Mark McQuitty with his wife Carolann
In December, 1999, he wrote Depping that the internet and First Sierra
was not the way to create sales, predicting the bust of the dot.com
“We had made it clear to all that we didn’t want to do the deal if Tom Depping was going to change anything materially, or try to micro-manage our operation, “McQuitty said in “Whatever Happened to Republic Leasing of Anaheim.”
“Because of the representations we had made to them regarding the agreement we had with Tom Depping that no changes or tinkering would occur, all but one out of the 130 sales reps agreed to come with us, “ McQuitty added. “ You know, First Sierra stock rose to $7 on the news of our acquisition.”
“ We had an operation that was like a highly tuned precision engine, “McQuitty explains. “ It wouldn’t respond well to Saturday morning backyard tinkering by amateurs. An assimilation team was promised but it never materialized. No sooner had the ink dried on the agreement, than corporate began dismantling the Anaheim back office in an effort to consolidate with the main office.
McQuitty described his reaction in precise terms:
“This move in effect decimating the risk management team we had put in place, which had worked spectacularly for the life of the company in preventing bad deals from leaking into the system and/ or any sales-induced fraud from occurring, “ he said. “ Our crew was on top of everything with excellent control. And no sooner than the back office being dismantled, corporate went after our sales force.”
“Michael Sabel showed up on our doorstep, supposedly for a routine visit, but what turned out to be orders to fire 100 employees just before Christmas.
“Not only had we lost control of the back office functions, but now the origination side of the business as well, something we were told were the reasons First Sierra wanted us in the first place. It was a terrible time and both Jim and I had no idea about what was to happen.
“ Needless to say, this was catastrophic on company morale and on any remaining loyalties the surviving employees may have had to First Sierra, along with any credibility that we may have had as their managers and any belief that we were still in control.
“ We soon found out we were managers/VP’s in name only. And to top this off, corporate headquarters failed to keep its commitment to issue options to the top producers. They reneged on this immediately post acquisition, which had a devastating effect on morale.”
“We were now down to 25 reps from a high of 130 pre-acquisition. However, notwithstanding this small sales force, they represented over 70% of the ‘98 revenues. The best and brightest were still committed to the company and were willing to give it another chance.

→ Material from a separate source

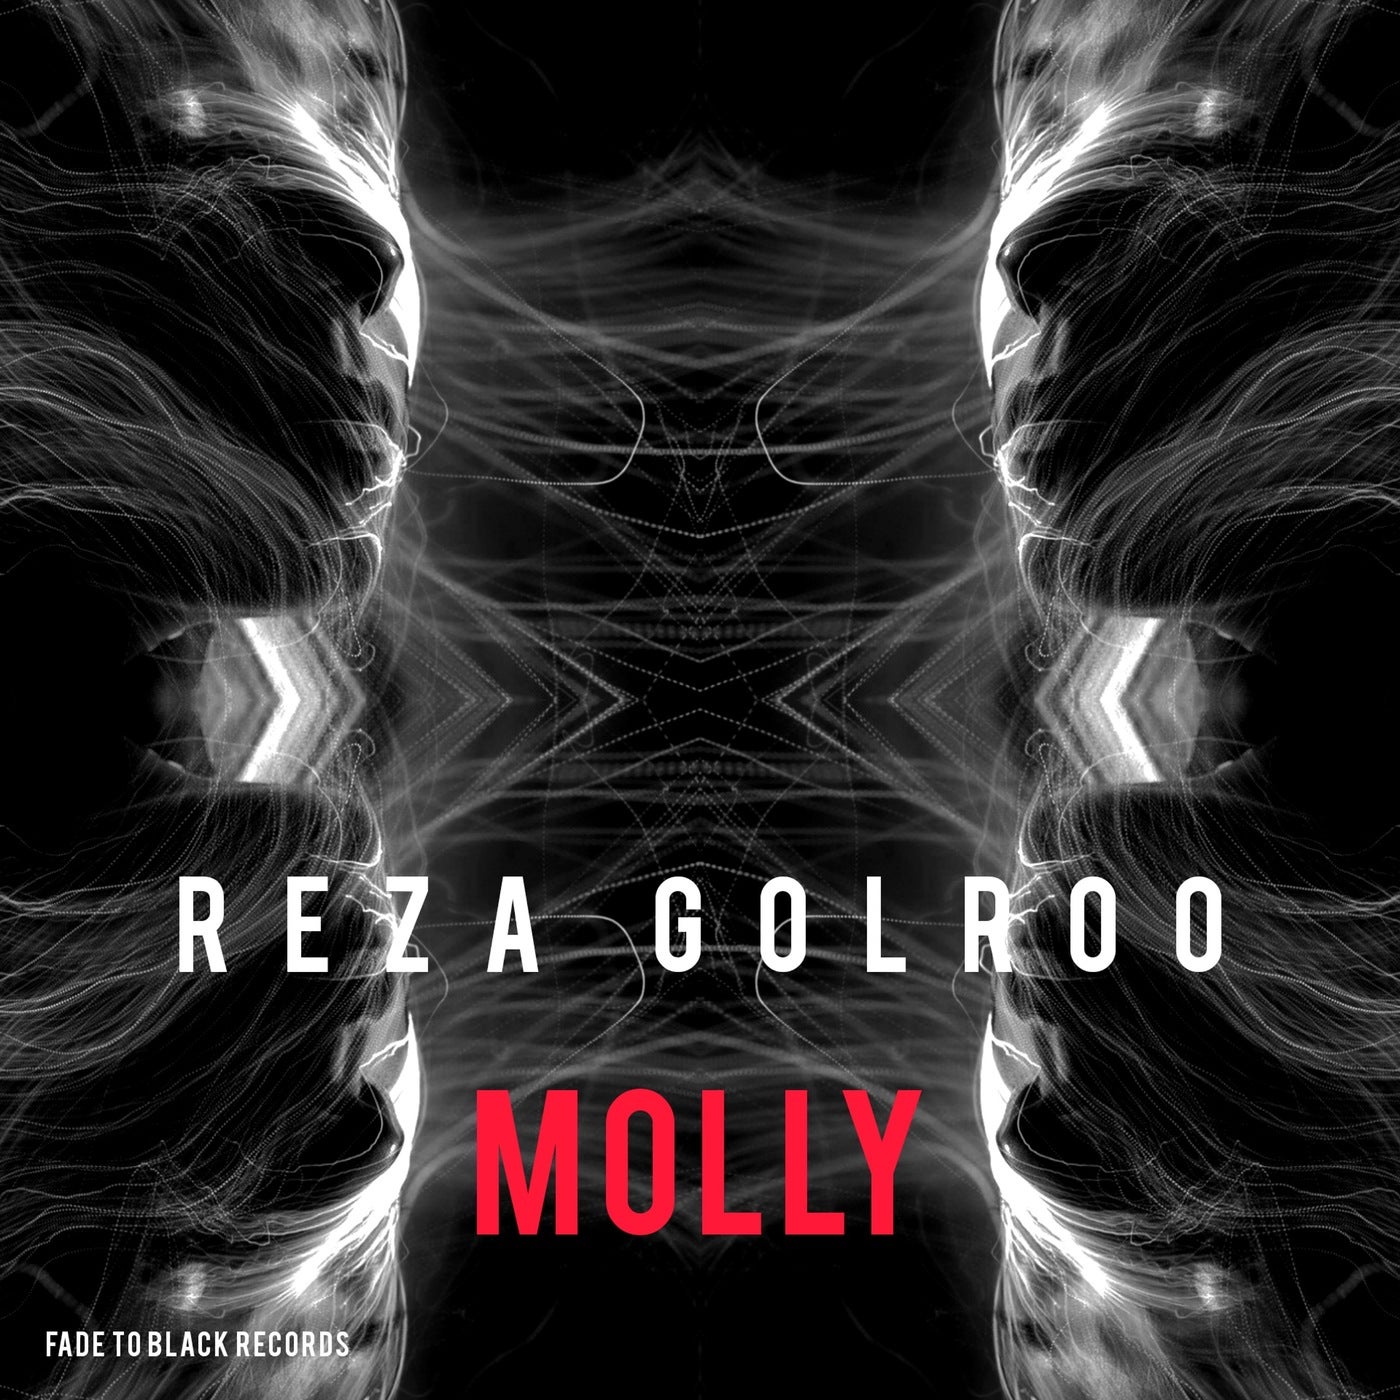 Reza Golroo - Molly [FTB009]

“In a lengthy e-mail I pleaded with Tom Depping not to “throw the baby out with the bath water”. He did not even open it, or respond - no doubt previewed it, then discarded it. At the time, I was next to Tom Depping, the single largest shareholder employed in the company, owning over 600,000 shares and no doubt one of the top 5 or 6 shareholders of record (I still have substantial holdings). This hit me at the time as particularly troubling. In hindsight, it is clear my departure was already being planned by Tom Depping.
“It seemed as though the strategy was now on being an internet company free from the dependence on salesmen and then tying this into internet processing company... “- no commissions and cheap cost of finds. The money would surely roll in. I guess in theory it has a certain appeal, but if Tom Depping was at all familiar with our business, he would have seen it as counter intuitive.
“Not only was the original intention of training new salesmen, but even having salesman call on vendors or direct business, became the “old way” to create business. We became known as dinosaurs in our traditional way of conducting business.”
The more letters and e-mail he wrote, the more Depping was alienated by McQuitty warning him about doing sales via the internet, and actually predicting the demise of the dot.com equipment leasing industry as it was known at the time.
In retrospect, McQuitty was brilliant in his observations about the leasing
industry. He appears to also be correct that Thomas J. Depping was
isolating himself in his Chase Tower office.